Aber zurück zu unserem Essen. Wir hatten beschlossen Bratkartoffeln mit Rührei und Erbsen mit Karotten zu kochen. Und zum Nachtisch gab es Obstalat.
An dem Abend haben wir uns alle so dermaßen überfressen, da wir festgestellt haben, dass den Meisten von uns das deutsche Essen doch ganz schön fehlte. Wir waren uns (eingebildeterweise) einig, dass es das Beste war, was wir hier bisher gegessen hatten. Alles in allem ein sehr gelungenes Wochenende.

Leider hatte ich hier demletzt auch echt ein paar schlechte Erlebnisse. Ich ging wie gewöhnlich nach der Schule nach hause und wurde von allen möglichen bekannten aber meist jedoch unbekannten Personen begrüßt, als ein Mädchen, vielleicht 10 Jahre alt auf einem Fahrrad angefahren kam. Am Anfang war sie auch echt freundlich und hat mich nach meinem Namen gefragt, aber dann wurde sie zunehmend aufdringlich und fing an nach Geld zu fragen. Ich habe gesagt, dass ich keines habe, aber sie hat nur immer wieder gefragt, wieso ich ihr keines gebe. Jedenfalls wurde ich das ganze Leid und bin dann einfach weiter gelaufen. Aber sie ist mir gefolgt und hat immer wieder geschrien: „Anne give me money, give me money.“ Sie ist mir sogar bis zur Mauer um unser haus gefolgt. Ich schlüpfte durch das Tor und dachte mir: „Ein Glück, jetzt bist du sie los.“ , aber Pustekuchen. Die ist mir einfach gefolgt. Die Scheiben an den fenstern sind von außen verspiegelt, aber wenn man dicht genug seinen Kopf dagegen drückt kann man rein gucken. Und genau das hat das Mädchen an meinem Zimmerfenster gemacht. Und dann hat sie dagegen geklopft und immer weiter geschrien. Ich wusste mir nicht zu helfen, bis irgendwann Maria (das Hausmädchen), sie verscheucht hat.
Später, als ich mich auf dem Weg ins Children Centre machte, bog ich um eine Straßenecke und da stand ein junger Mann. er streckte mir die Hand zum Gruß entgegen und eigentlich wollte ich gar nicht einschlagen, da er schon etwas hämisch grinste. Aber ich habe ihm aus Höflichkeit dann doch die Hand gegeben. Jedenfalls hat er mich dann nicht mehr losgelassen, auch, als ich meine Hand ruckhaft weggezogen habe. Irgendwann habe ich mich dann mit aller Kraft dagegen gestemmt und erst dann hat er losgelassen. Er fand das alles furchtbar witzig, ich fand es einfach nur scheiße. Aber dagegen ist man halt machtlos.

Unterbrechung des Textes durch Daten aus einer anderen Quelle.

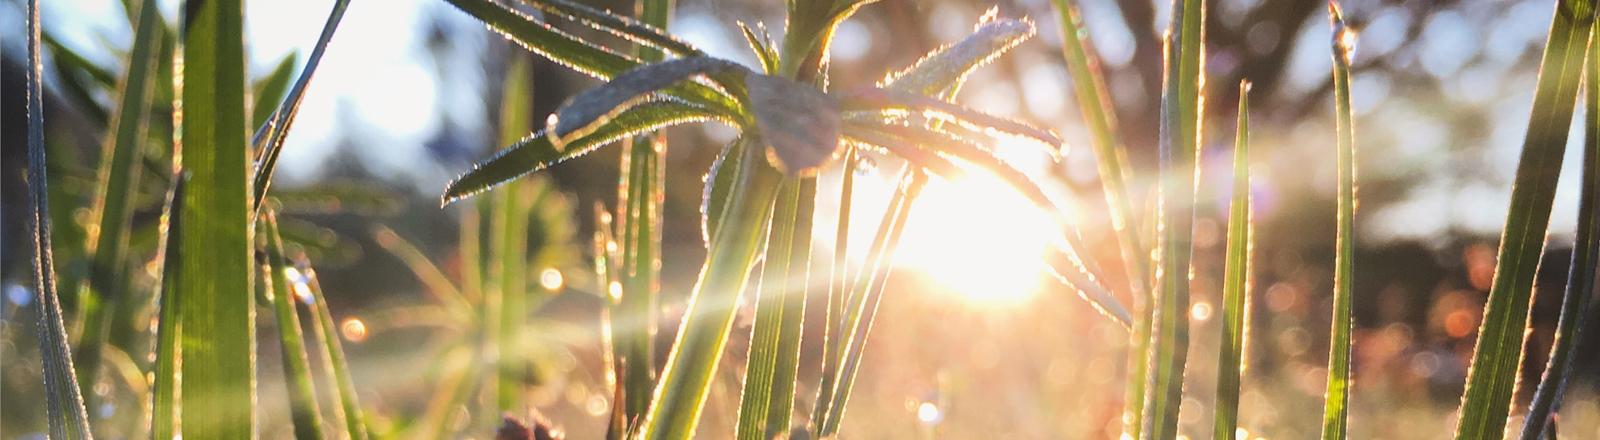 Blick auf grüne Gräser

Nun aber wieder zu ein paar heiteren Ereignissen. Letzten Samstag bin ich mit meinem Gastpapa losgezogen, um ein Fahrrad für mich zu kaufen. Das war echt super, dass er mitgekommen ist, denn ohne ihn hätte ich zum einen viel viel mehr bezahlen müssen und zum anderen mich nicht entsprechend in Kiswahili ausdrücken können. Wir sind also Samstag vormittags nur mit einer Stunde Verspätung aufgebrochen. Wir wollten ein Bajaji in die Stadt nehmen und sind darum ans Ende unserer Straße gelaufen. 100 Meter weiter fahren ständig Bajajis vorbei, aber mein Gastpapa wollte, trotz meines Vorschlags noch etwas weiter zu laufen, genau an dieser Straßenecke warten. Gut ich will ehrlich sein, wir standen dort eine geschlagene halbe Stunde in der Mittagshitze und ich zweifelte etwas daran, ob das mit dem Fahrrad heute noch was werden würde. Schließlich wurde es auch meinem Gastpapa zu blöd und er rief kurzerhand einen Bajajifahrer auf dem Handy an, um ihm mitzuteilen, dass wir gerne abgeholt werden würden. 2 Minuten später war das Bajaji da und wir fuhren in die Stadt.
Dort gingen wir zu einem Radladen, um die Modelle zu begutachten.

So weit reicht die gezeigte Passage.